There’s Reince Priebus, the chair of the Republican National Committee, which commissioned the famous and widely mocked rebranding study earlier this year. But Priebus can’t dictate what Speaker of the House John Boehner and Senate Minority Leader Mitch McConnell do in their respective chambers. Not even they dictate what they do 100% of the time, as each is accountable to the members of his caucus, and Boehner in particular has had trouble establishing leadership over the members he ostensibly speaks for. And the brand they’re all simultaneously trying to manage can be easily thrown off course by a single rant from Rush Limbaugh, radio spokesman for millions of conservative base voters, as when he attacked Sandra Fluke for testifying before Congress in favor of birth control.

Now let’s look at the Democratic Party. President Obama has reached the highest elective office in the land, which gives him the ability to hand pick the leader of the Democratic National Committee. Senate Majority Leader Harry Reid and House Minority Leader Nancy Pelosi tend to try to enact his agenda in Congress and coordinate their efforts to follow his lead. Liberal bloggers and other left-leaning media personalities will tend to find that their audience supports the president, and so they will try not to upset the general branding efforts that come from his office. It’s much different with that authority at the top.

Changing a Political Brand From Below

There’s one more source of authority in a democracy: the voters. Just as not every corporate branding decision has been embraced by customers in the form of sales (e.g. New Coke), ultimately for any political branding change to be successful it has to be ratified by the voters in the form electoral victories.

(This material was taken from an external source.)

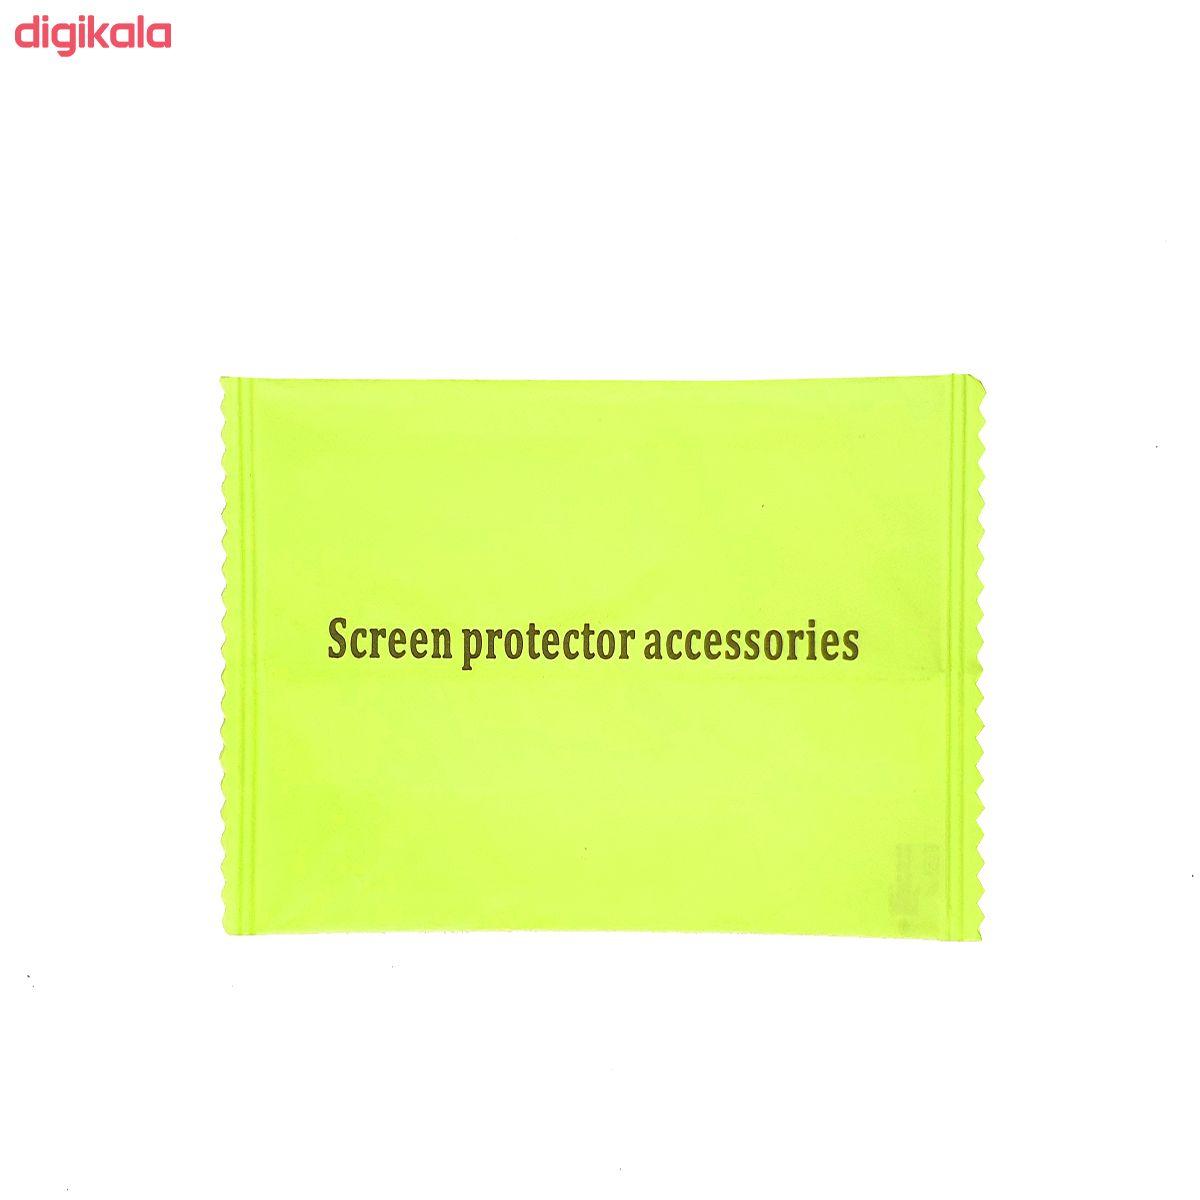 محافظ صفحه نمایش سرامیکی مدل FLCRM01pr مناسب برای گوشی موبایل اپل iPhone XR main 1 1

This is where the Republicans’ biggest branding problem comes from. Their current brand — toxic to Latinos, blacks, young people, and women — has been ratified time and again by their voters. Republicans who support things like immigration reform, that might appeal to Latinos, won’t win primary elections for Congress or state office. Those who might support Obamacare, which would appeal to blacks, won’t win primaries. Those who might support gay marriage or rates on student loans that favor the young over the banks, and thus appeal to youth voters, won’t win primaries. And those who favor protecting women’s reproductive rights certainly won’t win primaries.

But not all grassroots branding efforts are created equal. Compare the current Republican landscape to the most recent major non-hierarchical Democratic rebranding. In 2006, Democratic leaders like then-Democratic Congressional Campaign Committee Chair Rahm Emanuel didn’t want the party to identify with opposition to the invasion of Iraq, but that demand emerged from activists. Voters ultimately ratified the decision to strengthen a brand more opposed to a deeply unpopular war. The difference here is that the brand that Democratic voters forced on the party was something majorities of the electorate were ready to embrace — Republicans are on the opposite trajectory.

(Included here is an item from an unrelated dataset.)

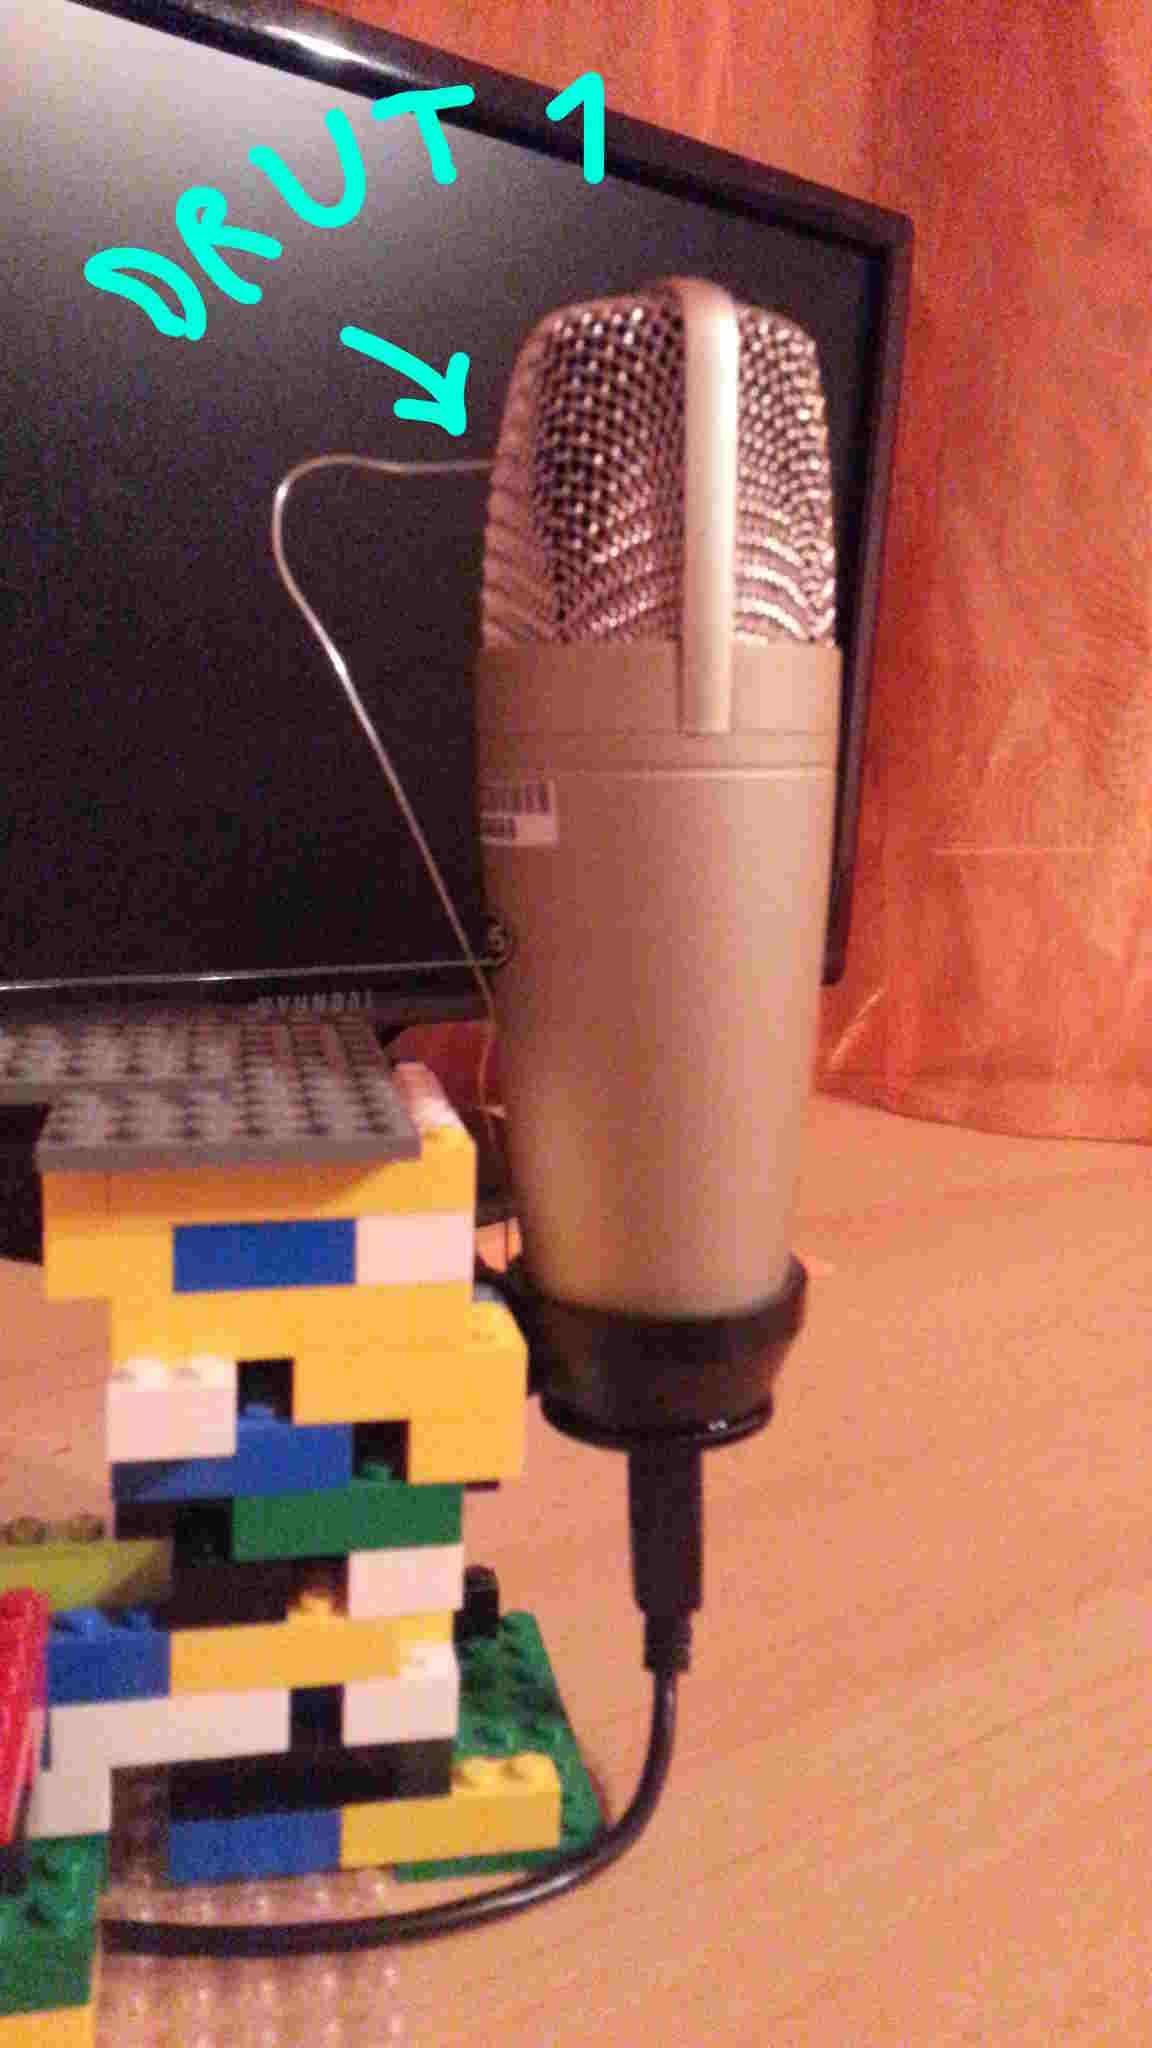 Mikrofon - Szumy w mikrofonie, nic nie pomaga ...

Republican Branding Outlook: Not Good

Outlook not so good
Outlook not so good

The outlook for Republicans isn’t too good. They seem locked into a self-reinforcing cycle of only winning primaries when they appeal to values that will alienate a broader electorate. That leads to only fielding general election candidates that appeal to those values, digging their brand hole deeper.

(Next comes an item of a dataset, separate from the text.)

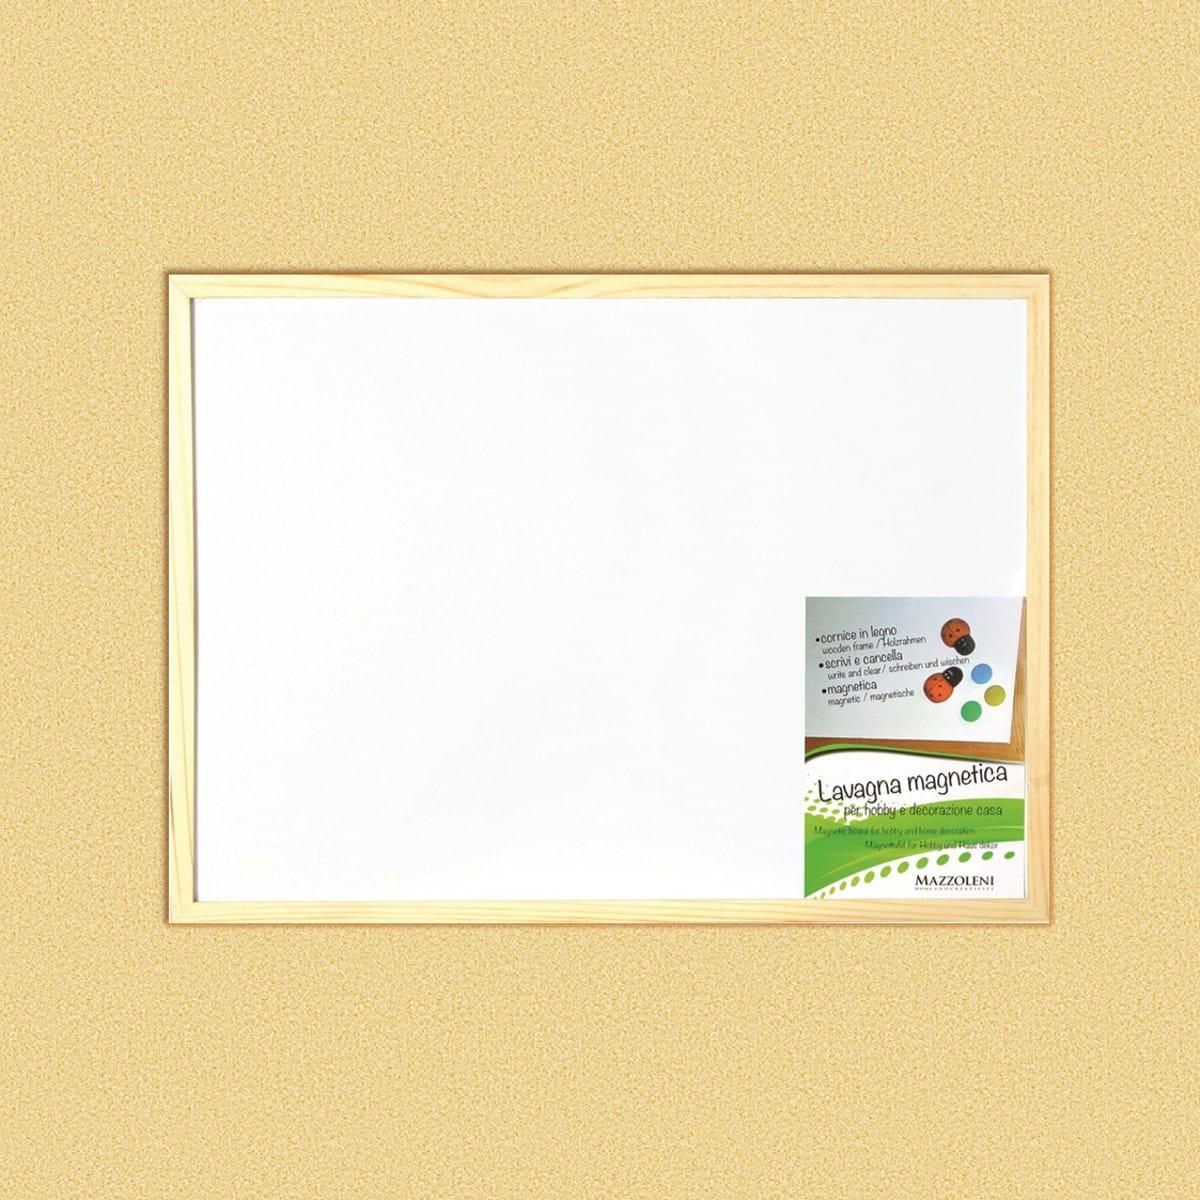 Lavagna Magnetica Cornice Legno 90 X 60 Cm Prezzi E Offerte Online

A rebranding campaign with authority and accountability could lift them out of that rut, but they don’t have any source of high level authority or clear chain of accountability. The rebranding won’t be successful unless it’s led from the grassroots — but the party is in its current predicament precisely because of the broadly unpopular brand preferred by the grassroots. And recent Republican presidential nominees haven’t been strong enough to establish a successful identity, as John McCain and Mitt Romney each tried unsuccessfully to straddle both sides of a fracturing coalition of business elites and social voters.